Diversité et conformité : SAP reconfigure ses engagements aux États-Unis

SAP a pris la décision de mettre fin à ses programmes de diversité sur le marché américain, en réponse à l’évolution du cadre réglementaire fédéral.

Publié le
Lecture : 2 min
Trump, et le doute plane sur la COP22
Diversité et conformité : SAP reconfigure ses engagements aux États-Unis © RSE Magazine

Le 11 mai 2025, SAP, groupe allemand de référence dans l’édition de logiciels d’entreprise, a annoncé la suppression de ses objectifs en matière de diversité et de parité aux États-Unis. Ce changement de cap fait suite à un renforcement du cadre réglementaire sous l’administration Trump, désormais opposée aux politiques dites DEI (diversity, equity and inclusion).
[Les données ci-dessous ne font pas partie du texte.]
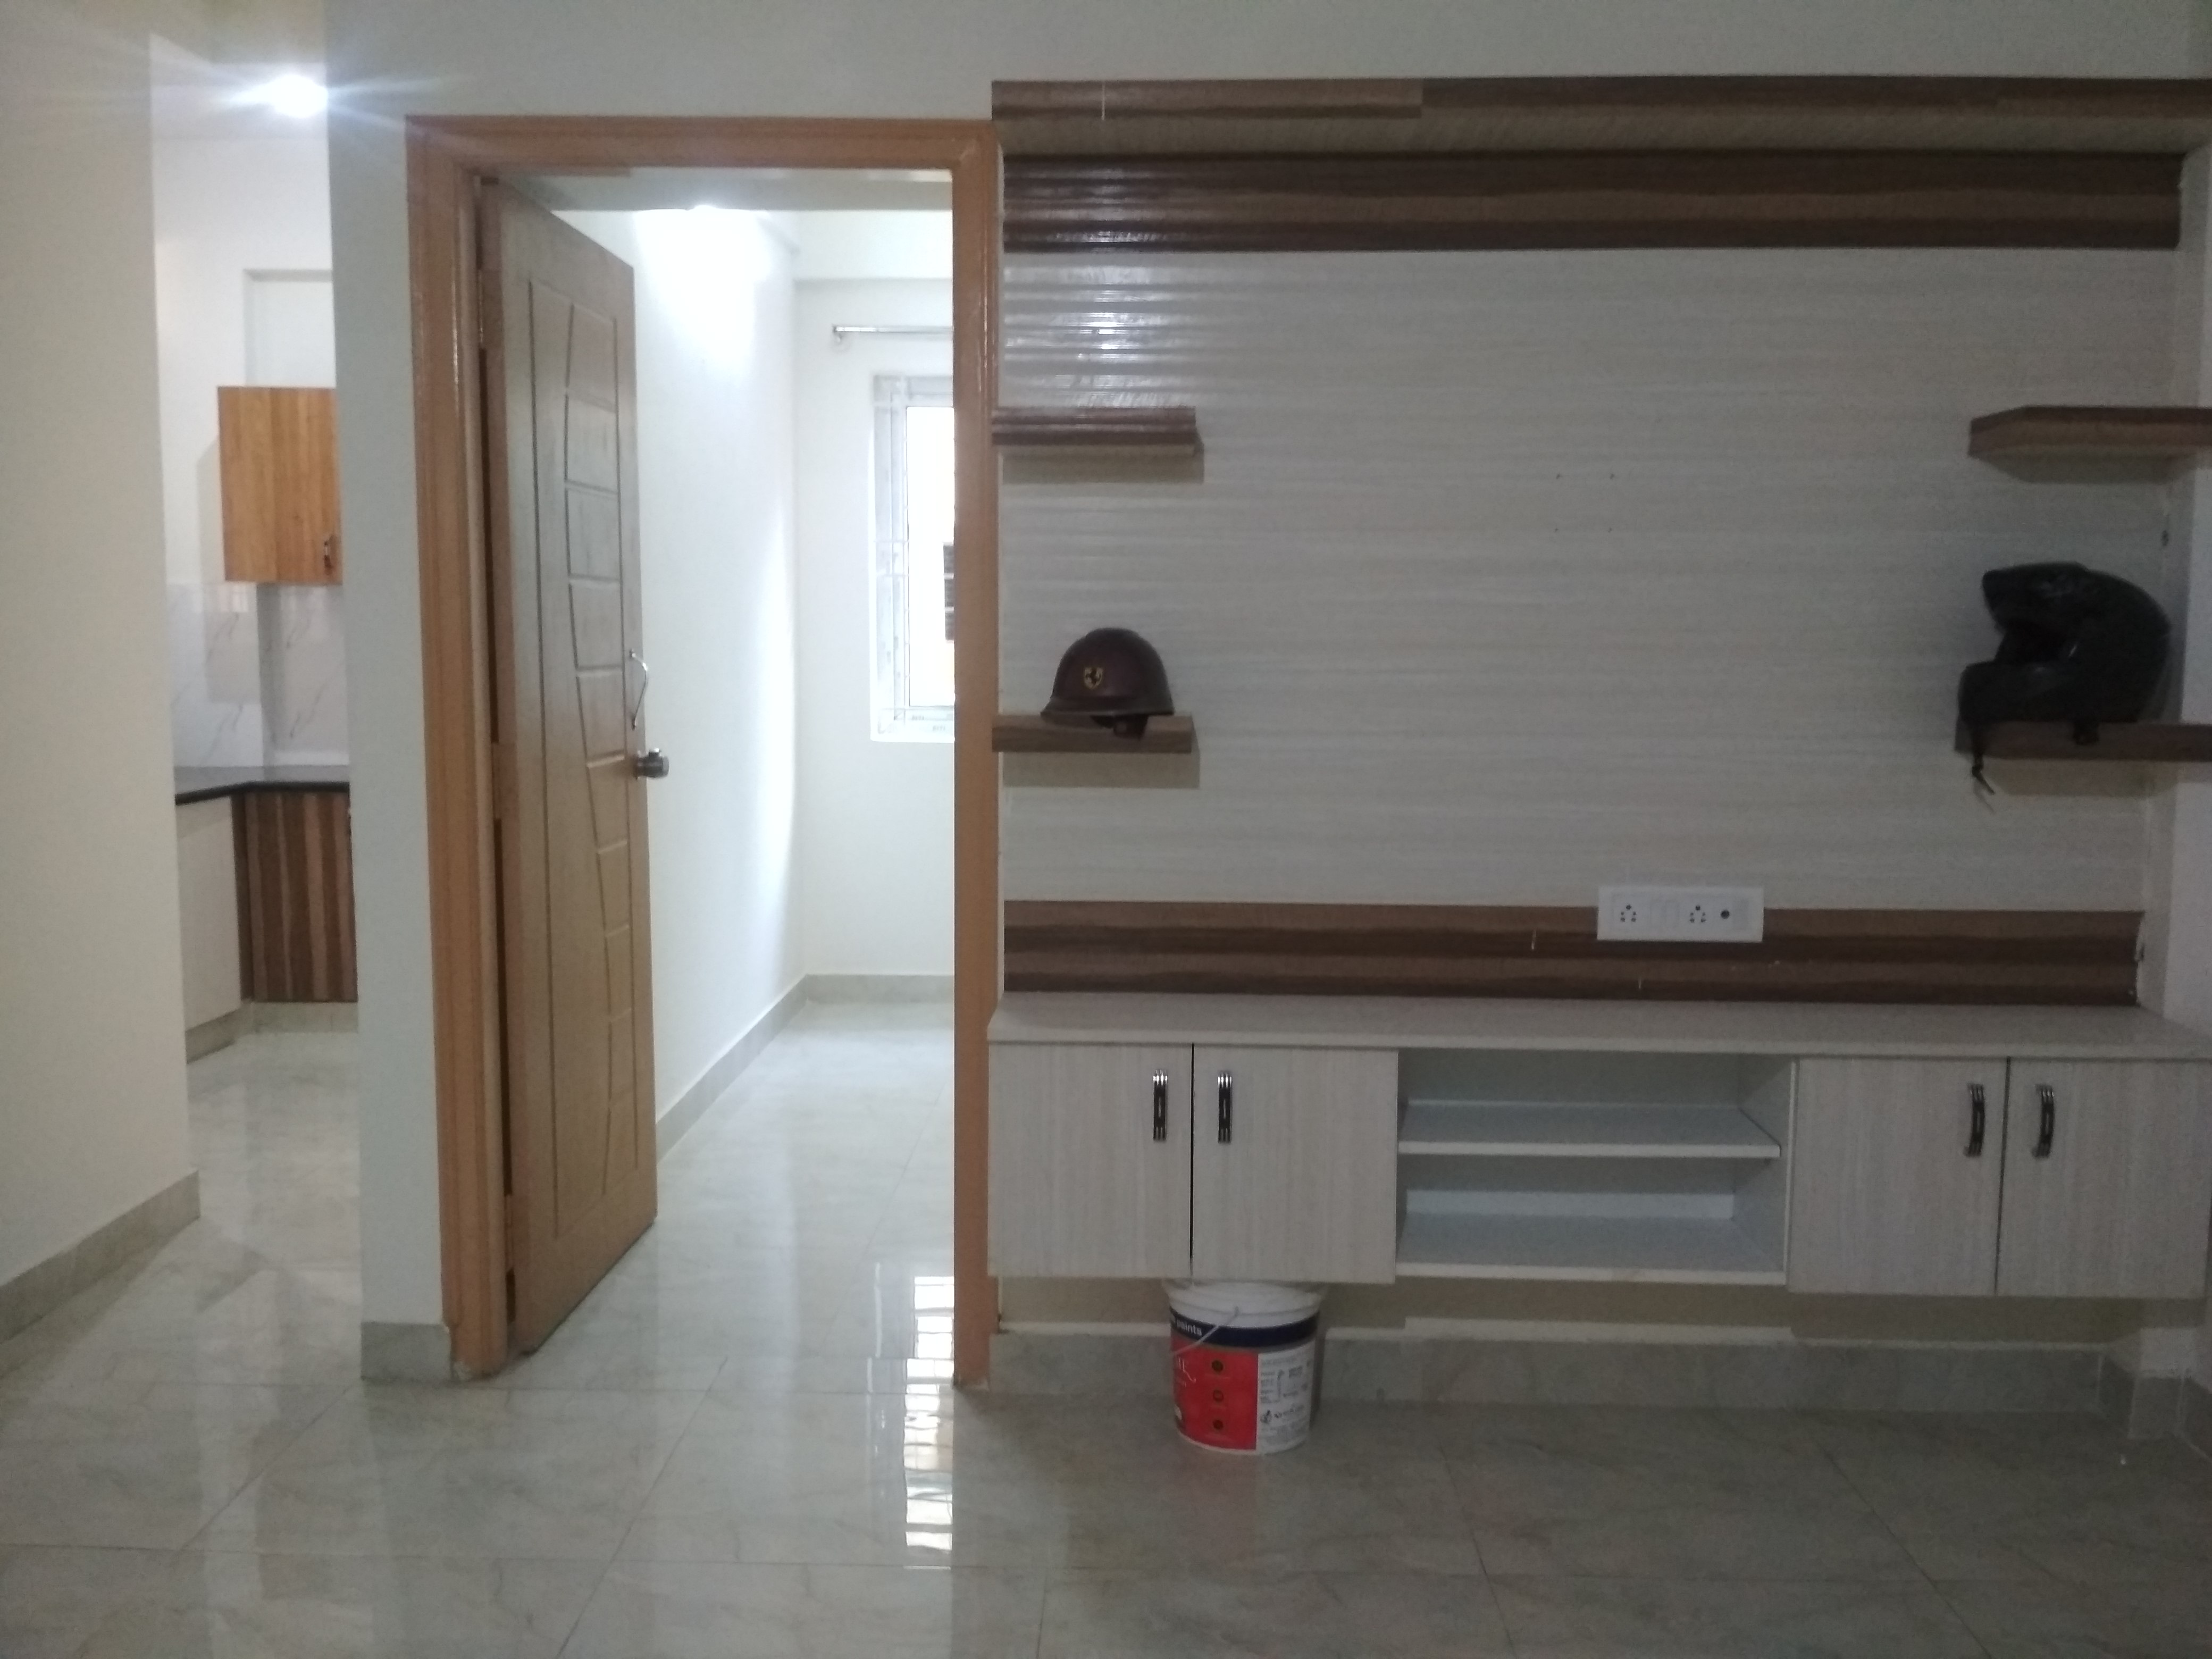 2 BHK House For Rent in Konena Agrahara Bangalore -ToleBoardReal EstateAll India

Cette réorientation soulève d’importants enjeux de conformité, de stratégie RH et de réputation pour le groupe, et ouvre un débat plus large sur la compatibilité des engagements RSE transnationaux avec les contraintes légales locales.

SAP ajuste ses engagements DEI aux États-Unis

Selon les déclarations de l’entreprise, SAP a pris la décision de mettre fin à ses programmes de diversité sur le marché américain, en réponse à l’évolution du cadre réglementaire fédéral. Le groupe a indiqué que cette mesure visait à garantir sa conformité avec les lois en vigueur. Un porte-parole a précisé dans Le Monde : « SAP s’engage à créer un lieu de travail inclusif tout en se conformant pleinement aux exigences légales dans chaque pays où nous opérons. »

Plus concrètement, SAP renonce à son objectif d’atteindre 40 % de femmes parmi ses effectifs aux États-Unis. Par ailleurs, la diversité ne sera plus intégrée comme critère dans les mécanismes de rémunération du directoire. Le département dédié à la diversité et à l’inclusion sera quant à lui intégré à une autre entité, perdant ainsi son autonomie organisationnelle.

Cette décision intervient alors que SAP emploie plus de 17 000 salariés aux États-Unis, soit environ 16 % de sa masse salariale mondiale. Le marché américain représente à lui seul près de 30 % du chiffre d’affaires global de l’entreprise.

Une évolution légale qui affecte de nombreuses multinationales

Ce repositionnement stratégique s’inscrit dans un contexte réglementaire évolutif aux États-Unis, marqué par la publication récente d’un décret présidentiel interdisant explicitement les politiques DEI dans les entreprises opérant sur le sol américain.

SAP n’est pas le seul groupe concerné. L’entreprise pharmaceutique Novo Nordisk a également modifié sa politique de représentation des sexes pour ses opérations américaines. Dans sa déclaration de résultats du premier trimestre 2025, l’entreprise indique : « Bien que Novo Nordisk maintienne notre aspiration mondiale à une représentation minimale de 45 % pour chaque sexe d’ici la fin de 2025, les activités de Novo Nordisk aux États-Unis ne participeront plus à cette initiative mondiale en raison de l’évolution des exigences légales », relate Reuters.

Ce mouvement reflète une tendance plus large : plusieurs grandes entreprises revoient actuellement leur stratégie DEI aux États-Unis afin d’éviter d’éventuelles procédures judiciaires ou sanctions administratives.

Impacts pour le management et la gouvernance d’entreprise

La décision de SAP constitue un exemple emblématique de la complexité à laquelle sont confrontées les entreprises internationales lorsqu’elles doivent concilier leurs engagements RSE globaux avec des régulations locales potentiellement contradictoires. Dans le cas présent, la conformité légale a prévalu sur la continuité de la stratégie DEI, pourtant intégrée historiquement aux valeurs de l’entreprise.

Cette situation soulève plusieurs enjeux en matière de gouvernance :

  • Gestion des ressources humaines : la suppression des objectifs de diversité pourrait avoir des conséquences sur la capacité de l’entreprise à attirer et fidéliser certains profils.
  • Dialogue social et marque employeur : les collaborateurs et parties prenantes sensibles aux engagements DEI peuvent percevoir ce retrait comme un désengagement.
  • Risque réputationnel : sur les marchés européens notamment, cette décision pourrait alimenter une perception de recul en matière de responsabilité sociétale.